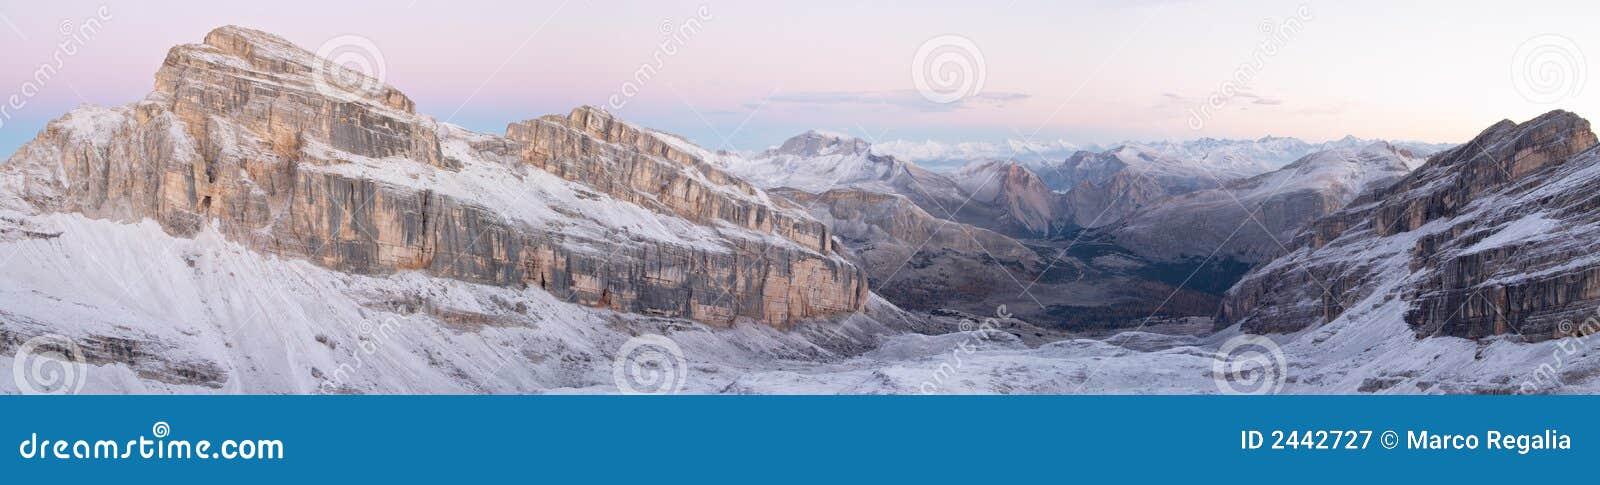 панорама доломитов
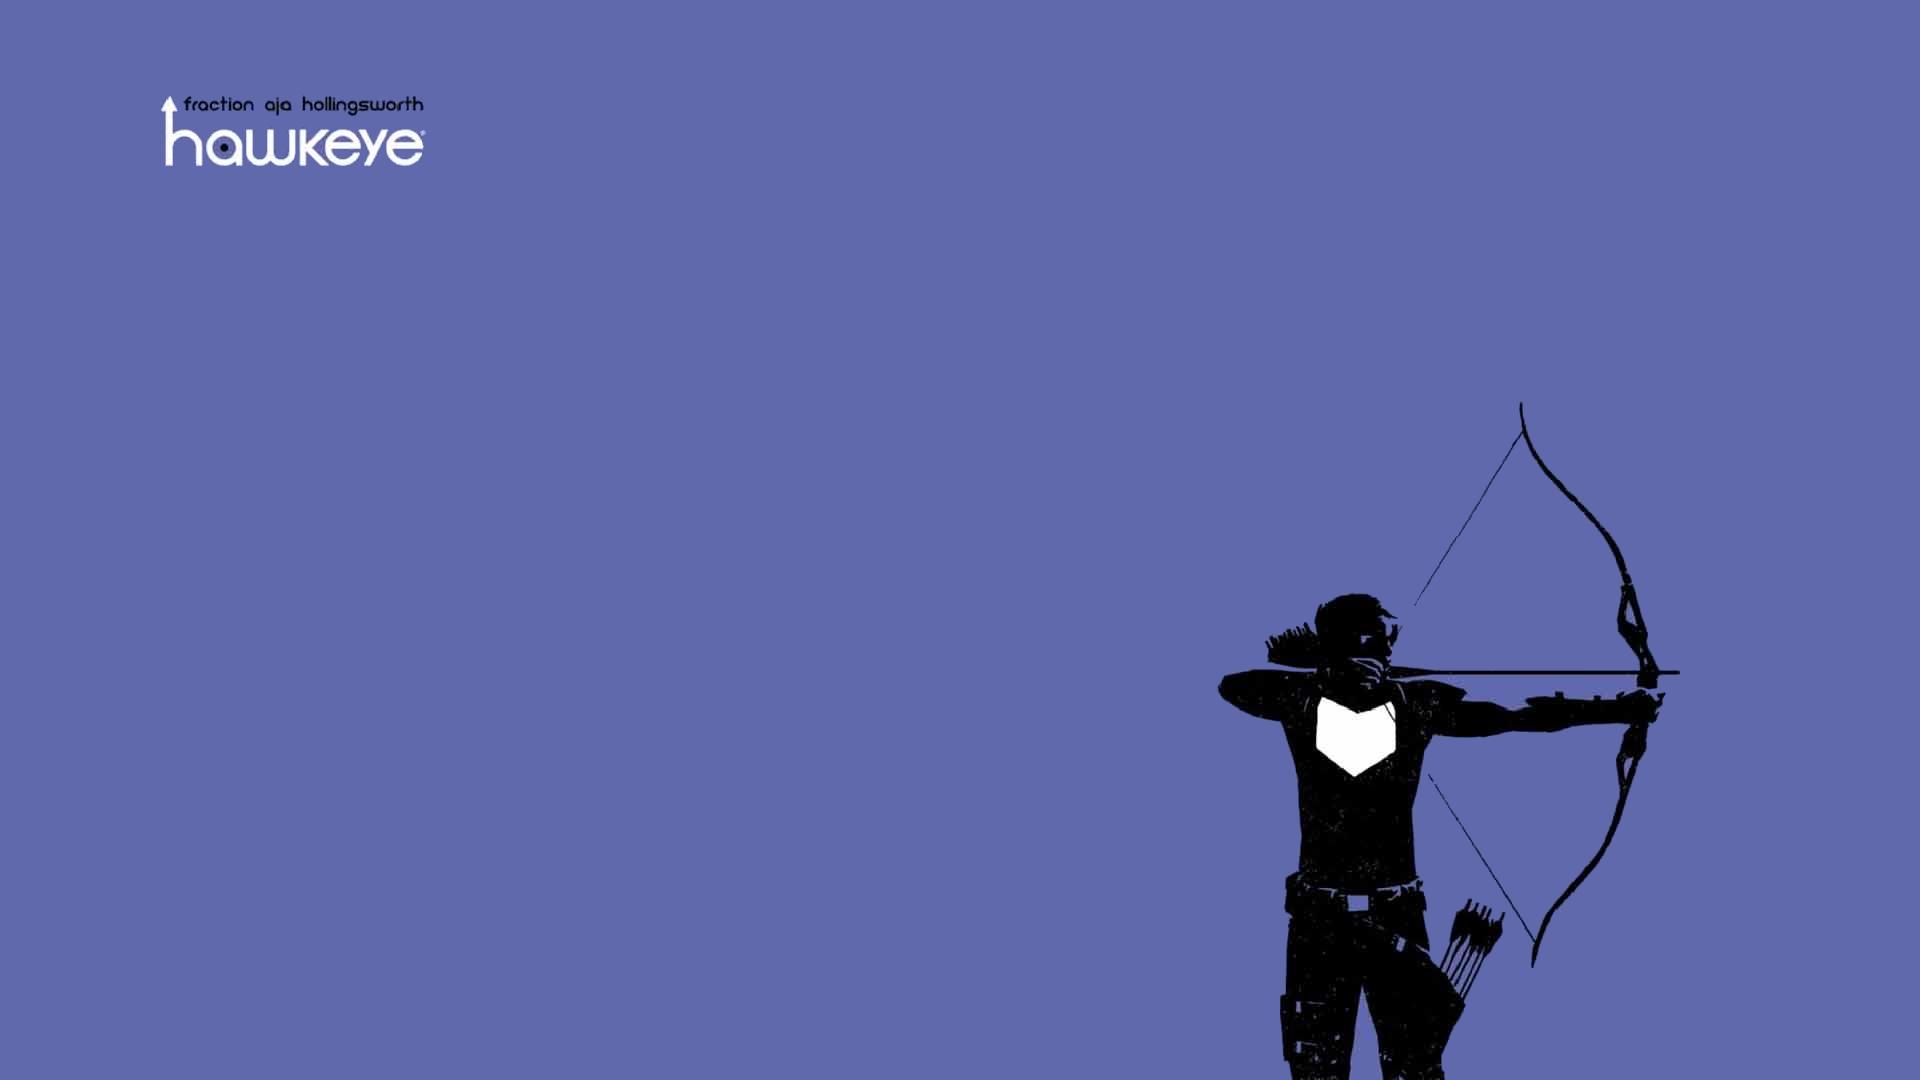 70 Hawkeye HD Wallpapers Backgrounds 1920x1080
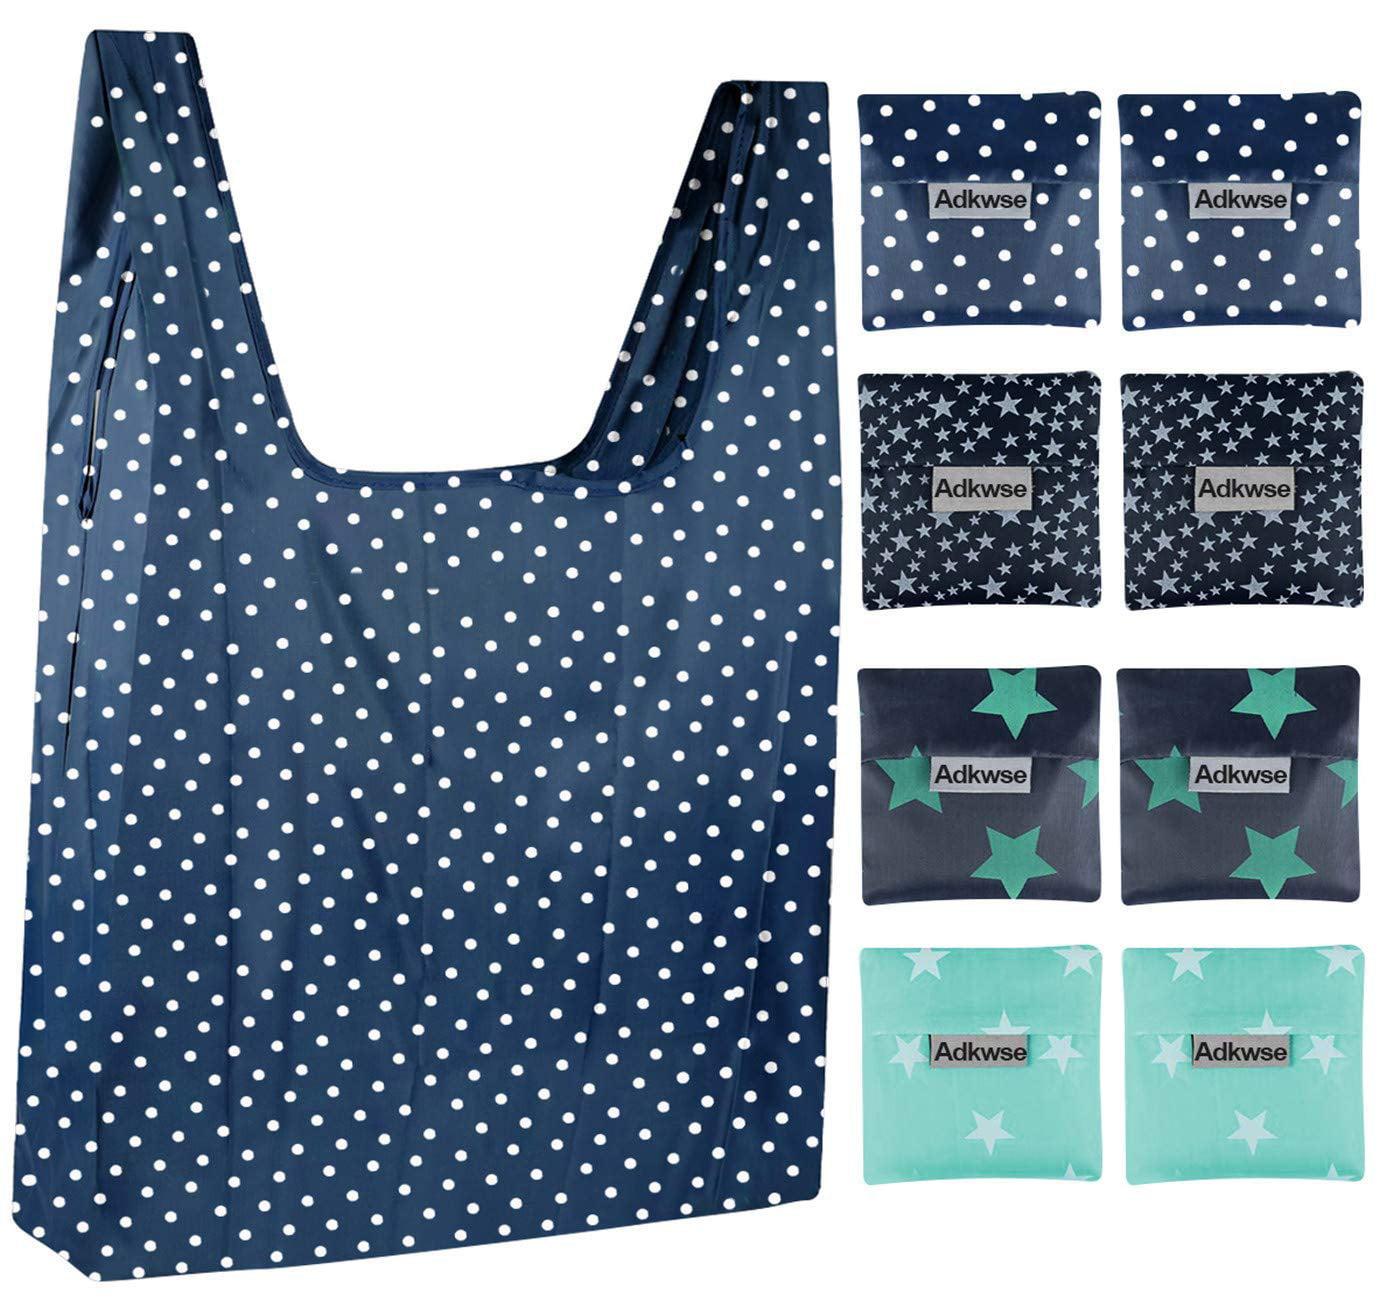 Designer Inspired Convertible Foldable Nylon Shopping Tote Bag

Aim of the task
For this exercise, reproduce the data above exactly from the line containing "70 Hawkeye HD" through its final line, both ends included, with no pictures in the copy.

Exercise answer
 70 Hawkeye HD Wallpapers Backgrounds 1920x1080
 Designer Inspired Convertible Foldable Nylon Shopping Tote Bag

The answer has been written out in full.